I can't tell you how much I hate something like this. Any teacher of math or science has seen this and I absolutely hate it. It totally promotes a "no thought required" approach. The claims it makes are simple:
density = mass / volume
mass = density * volume
volume = mass / density
In this case, all claims provided by the triangle are true. But the reason they are true IS NOT because I, as a teacher, showed you this little triangle "trick". They are true for very basic mathematical reasons! In fact, if I really wanted to, I could provide a graph which plots density vs. volume and show them how to calculate the area under the curve and literally show them where something like mass = density * volume comes from. No matter the case, you can use proven rules of algebra to solve for ANY of the variables.
Interestingly enough, when I showed my students this triangle, their faces lit up and it was like I had given them a brand new present. Kids love it when you show them procedural or algorithmic ways of doing something--because it requires very little (if any) thought. However, if I require to you derive the density formula from a mass vs. volume graph (which we did) and then algebraically rearrange that equation to solve for any of the variables....I've asked too much of you.
It's not a matter of capability either. EVERY single one of my students is fully capable of doing all the things mentioned right above. I just don't want them to accept the fact that mass = density * volume or volume = mass / density just because they heard it from a teacher. I want them to know it because they can prove it using their own reasoning skills along with the math skills we have taught them.
Finally, the last thing I got into with my class as we took a little detour from chemistry class. I asked them, "what is pi?" Immediately, every single one of them responded with, "3.14159 blah blah blah". Some of them even know something like 7 decimal places....impressive! But then I asked them, "how do you know this is number or, better yet, where does this number even come from?" Not a single student had the slightest clue. They had been taught this number since they were young and not a single teacher had managed to take 10 minutes to allow them to plot a circle's circumference vs. its diameter and calculate its slope (which is the value for pi). "That's where this number comes from!" I said with a smile. They weren't too amused. By the way, it's not their fault....I didn't know this until I was 22 for the same reasons that they don't know it at their age of 17 and 18.

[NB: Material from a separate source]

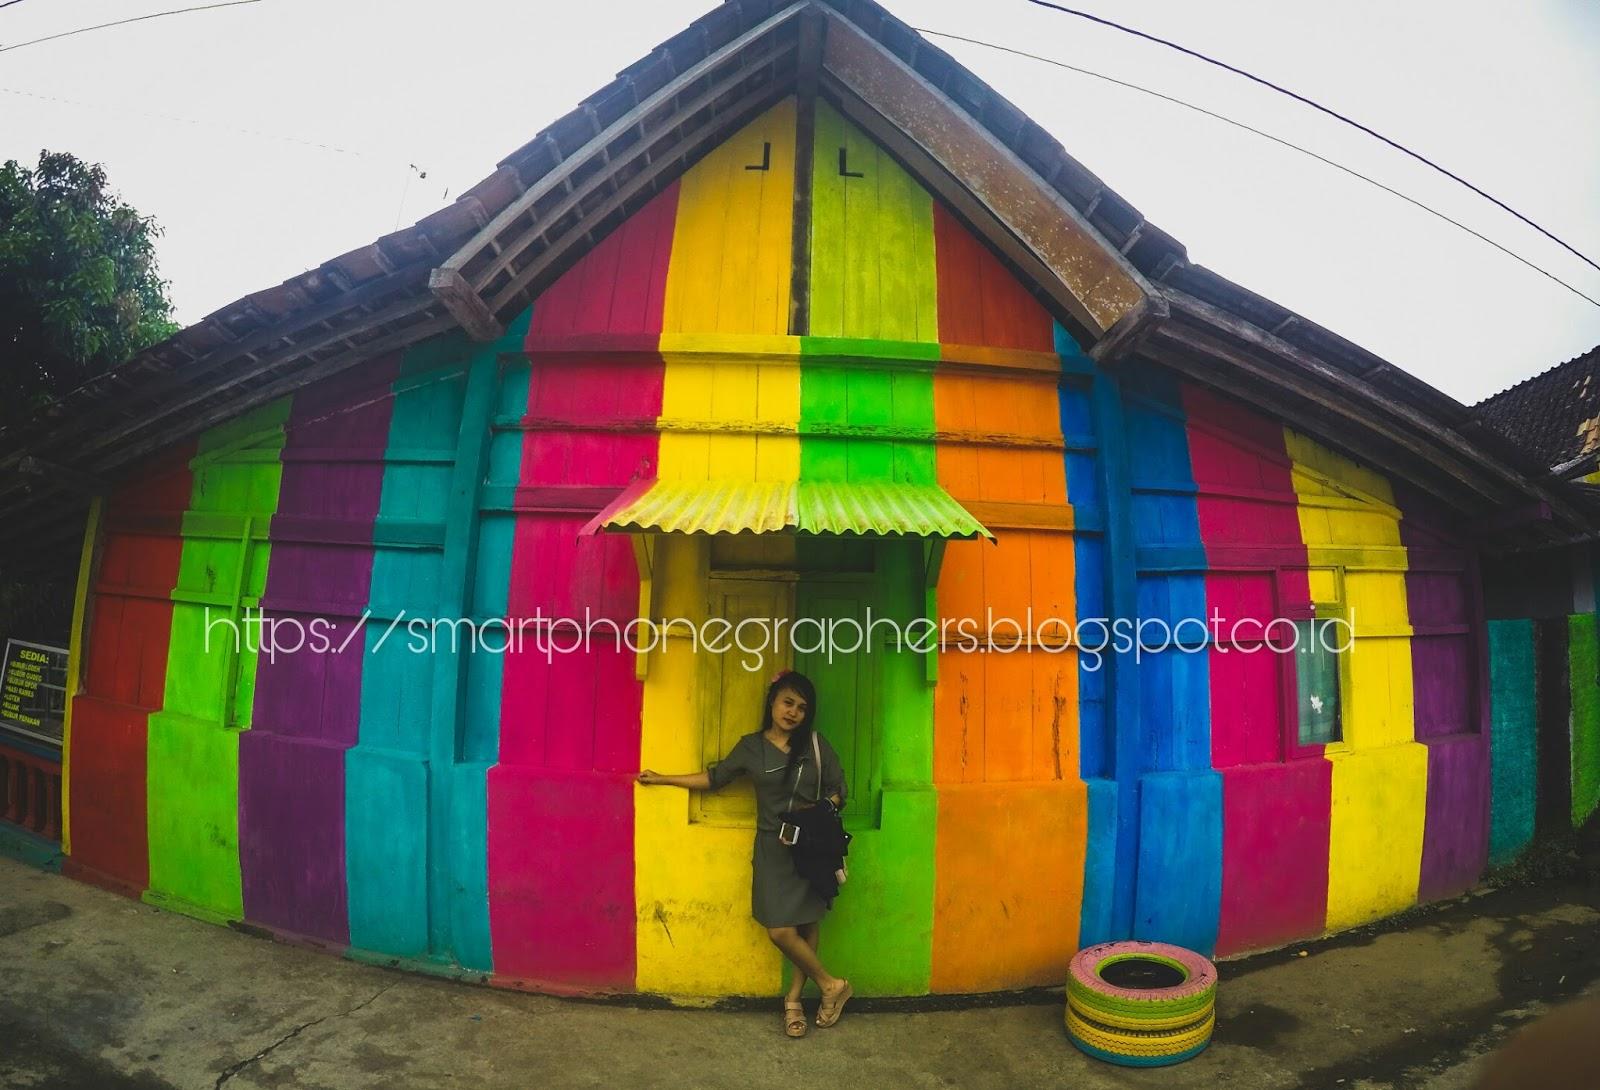 Warna Warni Kampung Pelangi Bejalen Ambarawa Smartphonegraphers Wisata Krisan Clapar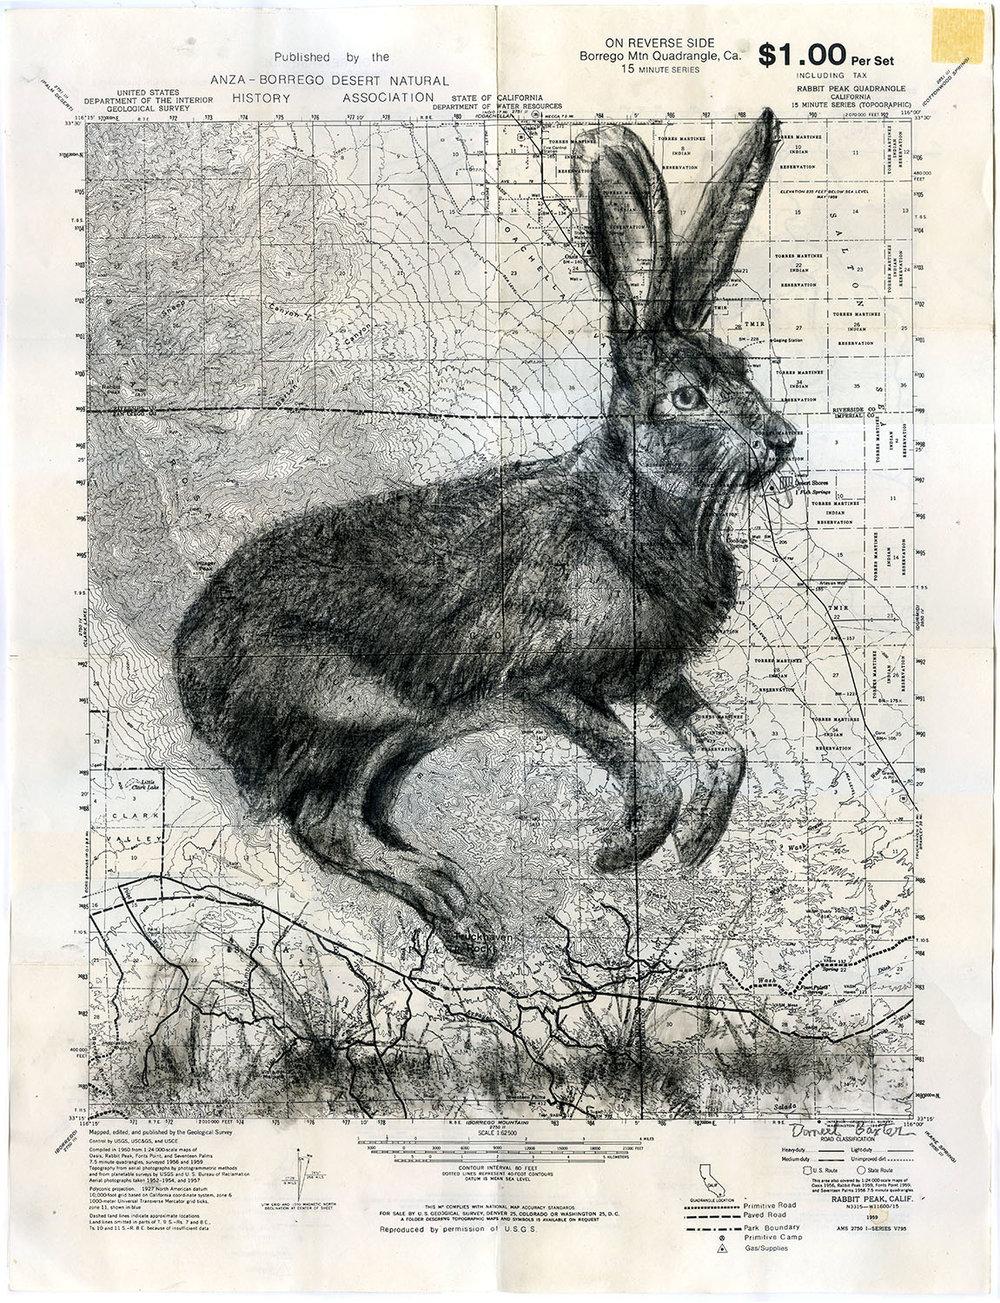 Daniel Baxter Jack Rabbit - Rabbit Peak art.jpg

Do I really care THAT much that kids know where the value of pi comes from or that mass = density * volume? No....but don't miss the point. If we consistently leave out room for the students to naturally use their reasoning to investigate WHY things are the way they are or HOW things happen and just simply tell them the facts, then we as teachers are no different than a Google search. One of the cornerstones to a successful scientifically-literate democracy of people is the ability to reason. If we willingly inhibit this ability, we are not only hurting our students in terms of inhibiting growth of their own thinking skills, but we are robbing them of a much deeper understanding of the amazing universe around them.